One organisation I know took, at the time, the brave position of placing the value of their staff above other considerations. COVID-19 meant that one of their income streams dried up due to lockdowns and restrictions. They decided to do two important things. First, they asked staff employed in this stream to work across other areas of the organisation to cover some gaps. This stretched the employees who responded positively to a new work challenge. Second, they placed a number of casual staff on longer term contracts as they valued their skills and did not want to lose them. When restrictions were lifted they found themselves to be in a stronger position than they were in pre COVID-19. Staff were motivated, had developed new skills and valued their organisation. This has placed them in a good position.
Employees have strengths and skills that are often unrecognised. This is a time to interrogate their strengths, their assets, skills, knowledge, passions and abilities and see how what they already have can be used to benefit the organisation into the future. You will be surprised at what empowered staff can achieve.
It is a time to partner with your staff in planning for the future. Use their knowledge of the business, their perspective and allow them to positively contribute to the development of new business and strategic plans. A good approach to use is a participative tool such as Appreciative Inquiry. This is a powerful change management approach that is neither bottom up or top down but invites all relevant stakeholders into the discussion for change.

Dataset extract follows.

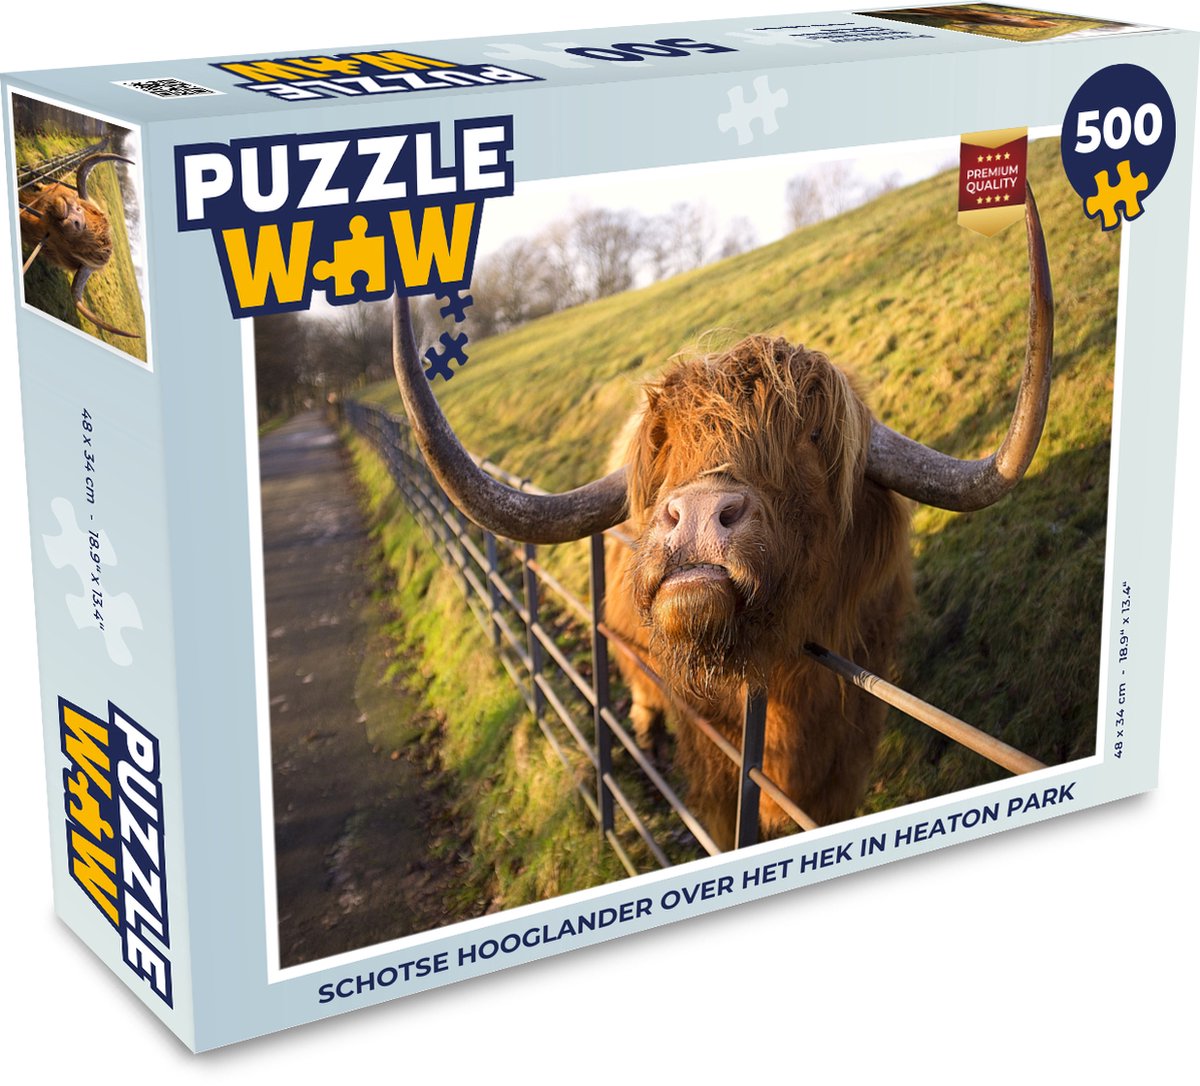 Afbeelding van product Puzzel 500 stukjes Schotse Hooglanders - Schotse hooglander over het hek in Heaton Park - PuzzleWow heeft +100000 puzzels

Employees are an important stakeholder and can contribute to making change possible.
use tools from alternative sources
Now is a good time to search for different tools and approaches to change. Your workplace is a community. So why not look at some tools from Community Development to build this community and to develop a different model of business operation. There are a number of other approaches and tools to consider. I’ve already briefly discussed Appreciative Inquiry as such a tool.
Look at online training to help you. Herding Together offers a range of online courses to help you in your planning such as Top Teams: Talent Quest; Top Teams: Build on the Rock and Why SWOT When You Can SOAR? These three courses will introduce you to team building and planning approaches (including Appreciative Inquiry) that can assist in this process. Check these out at https:/herding-together.teachable.com
We live in challenging times. COVID-19 has presented us with both distressing times but also opportunity to move in a different direction. Those organisations and businesses who accept the challenge offered, innovate based on their strengths, use their greatest assets are those who will come out of COVID-19 in a stronger position.